而且,花皎君快要死了。
哪怕已经半聋半瞎,疾病缠身,伤痛入骨,难离病榻,皎君坚定顽强的求生意志足以令包括玉泽在内的任何人都敬佩不已,可想再多都是无用的,即便灵魂仍在勉力留下,这副千疮百孔的身体都在告诉玉泽,他快要死了。
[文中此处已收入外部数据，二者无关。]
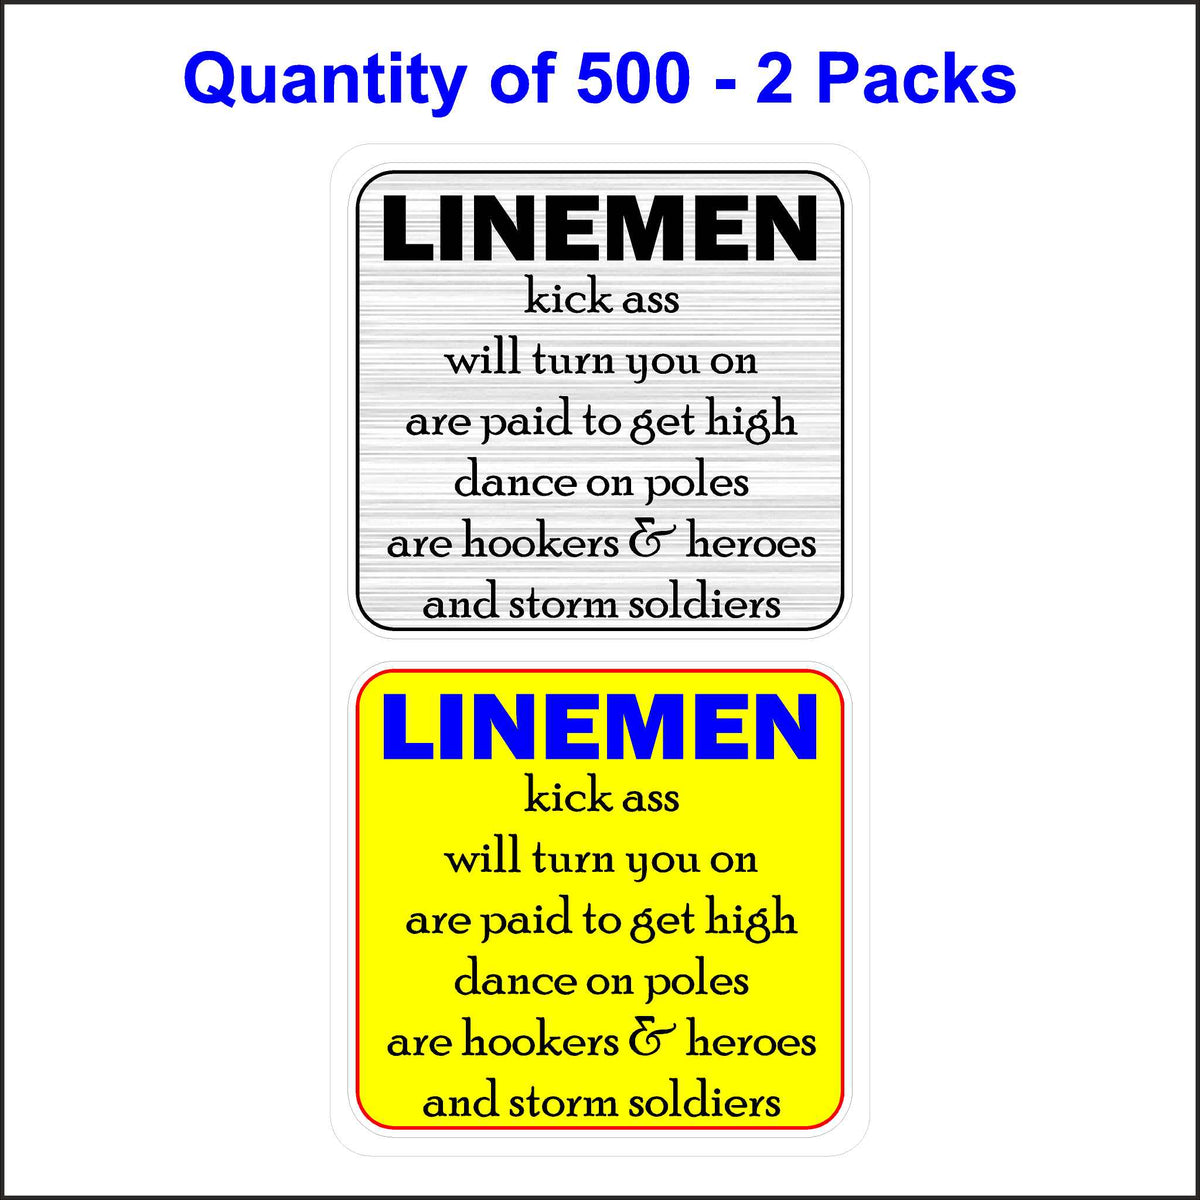 Lineman Kick Ass, Will Turn You On, Are Paid To Get High, Dance On Ploes, Are Hookers And Hero&#39;s and Storm Soldiers Stickers. 500 Quantity

属于他的时光的花皎君太过年轻,才十六岁的光景,少年一直是姝丽的,鲜活的,恣意的,少年意气,鲜衣怒马,他慢慢长大,在逝去的岁月里渐渐学会变得进退有度,鹤行华章,他会光风霁月,风华绝代,一切与腐烂枯朽有关的词汇从来都与少年难寻干系,以致玉泽从来不曾想过花皎君与死亡搭肩的情景。即便花家世子成了他的棋盘上最特别的一枚棋子,在他布局的预想中,也是或有波折险难,但从来不涉及死亡。
而现在,花皎君就快要死了。
玉泽被困在这方皮囊里,也会随着花皎君的死亡而死去吗?他不知道。或许,花皎君的死亡会让他回到本来的时空,或许更早,也并不会那么糟糕,他阴差阳错地来,也能阴差阳错地走,而这里的花皎君,也仍会痛苦挣扎地活着。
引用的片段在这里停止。